Working with Regulated Industries
A significant share of Beacon's revenue comes from projects that must meet formal safety or quality standards, whether that is DO-178C for airborne systems, IEC 62304 for medical devices, or various MoD defence standards. This regulatory dimension shapes the working culture in subtle but important ways. Engineers are expected to write clearly, not just in code but in design documents, hazard analyses, and test reports. Peer review is a routine part of the workflow, and the company maintains a structured approach to configuration management that some newcomers initially find rigid but quickly come to appreciate.
"We do not treat compliance as a box-ticking exercise. If you understand why a standard asks for something, the documentation almost writes itself. The problems start when people try to bolt it on at the end."
This perspective, voiced by one of Beacon's principal engineers, captures a broader philosophy. The company invests in training its staff to understand the intent behind regulatory frameworks, not just their letter. Engineers who join from less regulated backgrounds often say this is one of the most valuable things they learn during their first year.
Size and Structure
Beacon Embedded currently employs around 45 people, the majority of whom are engineers. The organisational structure is deliberately flat. Project leads carry technical responsibility but are not removed from day-to-day engineering work. There is no separate management track, and the founders still contribute to active projects. This setup appeals to engineers who want to keep their hands dirty rather than migrate into purely supervisory roles.
The company has grown steadily but cautiously, adding roughly five to eight people per year.
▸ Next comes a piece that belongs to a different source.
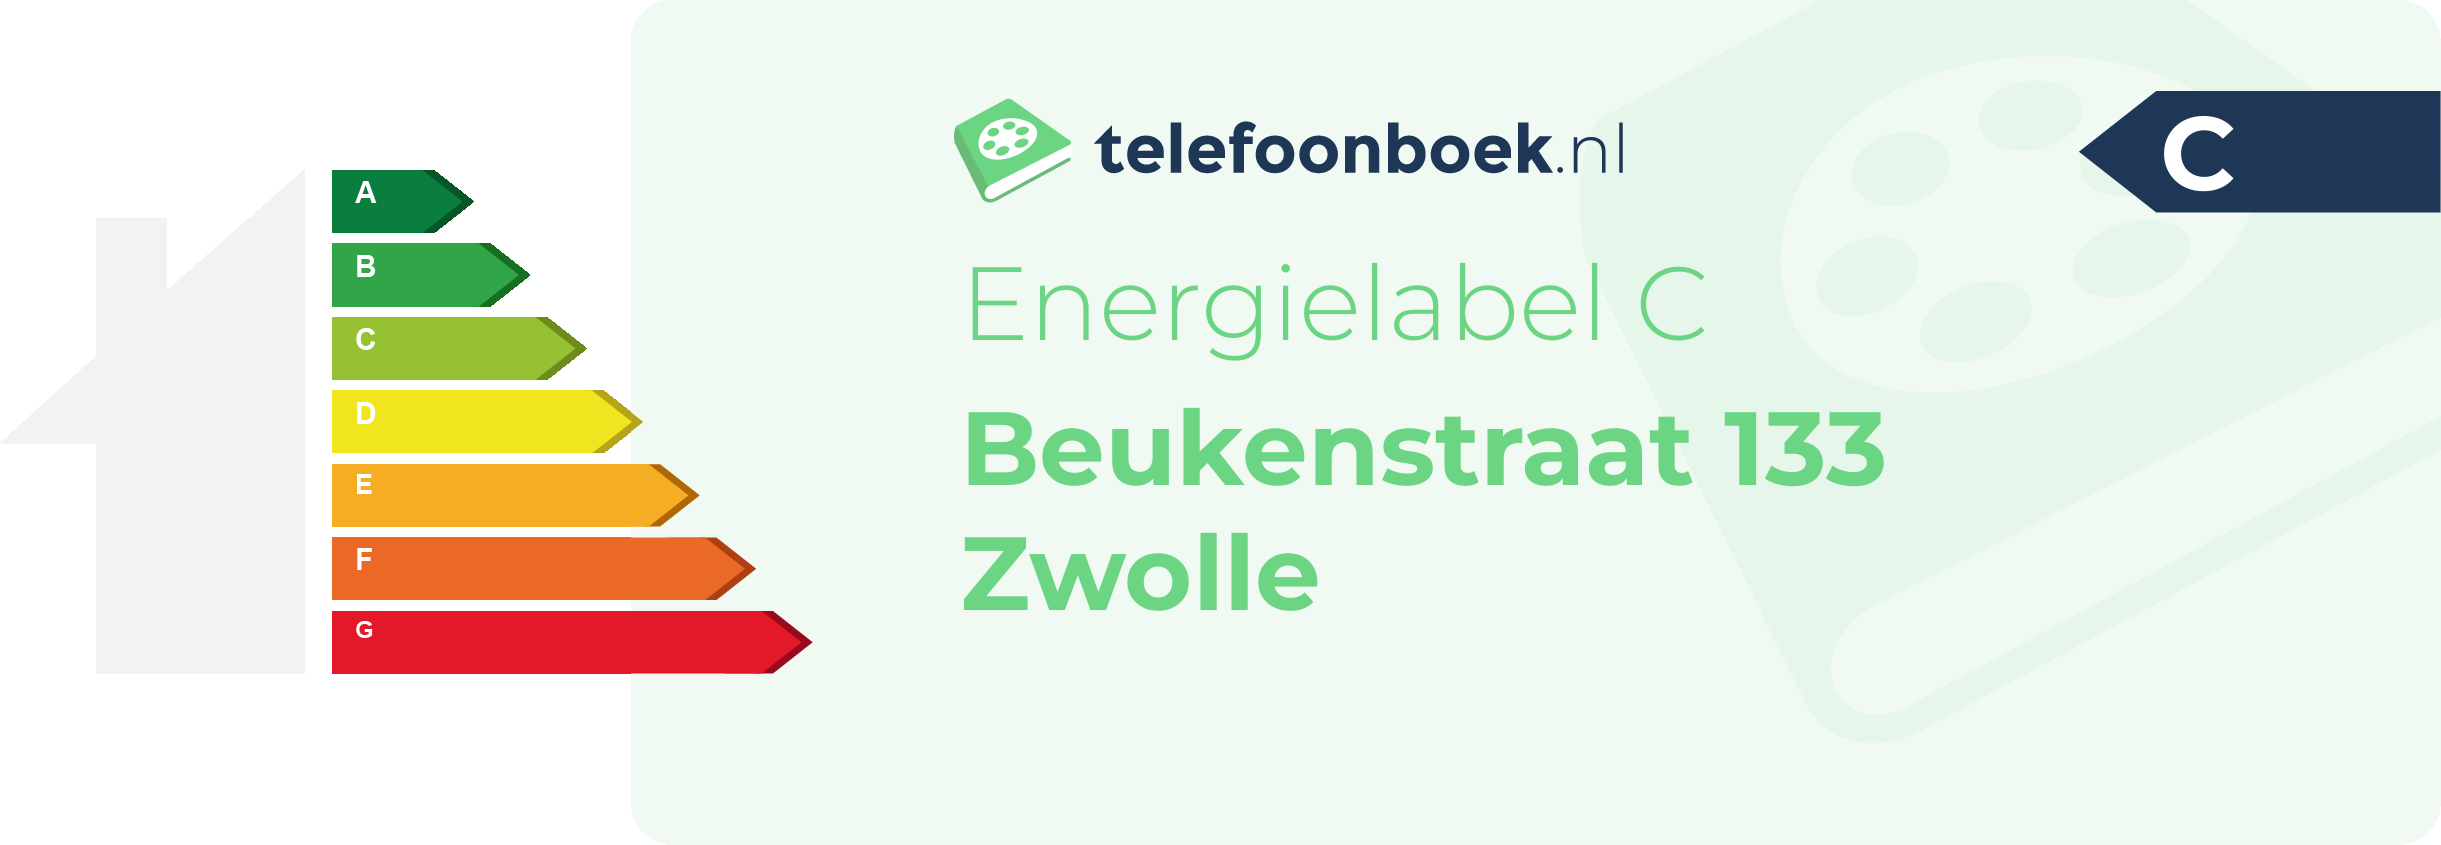 Energielabel Beukenstraat 133 Zwolle

Hiring decisions are made carefully, with a strong preference for candidates who demonstrate genuine curiosity about how systems work at a low level. Academic background matters less than practical ability, and the interview process typically includes a hands-on exercise involving real hardware rather than whiteboard algorithms.
Southampton and Beyond
Southampton's position as a hub for maritime and defence technology makes it a natural home for Beacon Embedded. The company maintains close relationships with the University of Southampton's Electronics and Computer Science department, occasionally sponsoring final-year projects and offering summer placements. Several current employees joined through this route. The south coast location also provides convenient access to clients in Portsmouth, Bristol, and along the M3 corridor, while a growing number of engagements are conducted remotely with clients across Europe.
Looking ahead, Beacon is expanding its capabilities in edge computing and low-power wireless sensor networks, areas where embedded expertise intersects with broader trends in IoT and data analytics. The company has recently hired its first dedicated FPGA engineer and is exploring opportunities in hardware security modules. These moves suggest a business that is evolving thoughtfully, guided by technical opportunity rather than hype, and remaining true to its founding principle that good engineering starts with understanding the problem before reaching for the solution.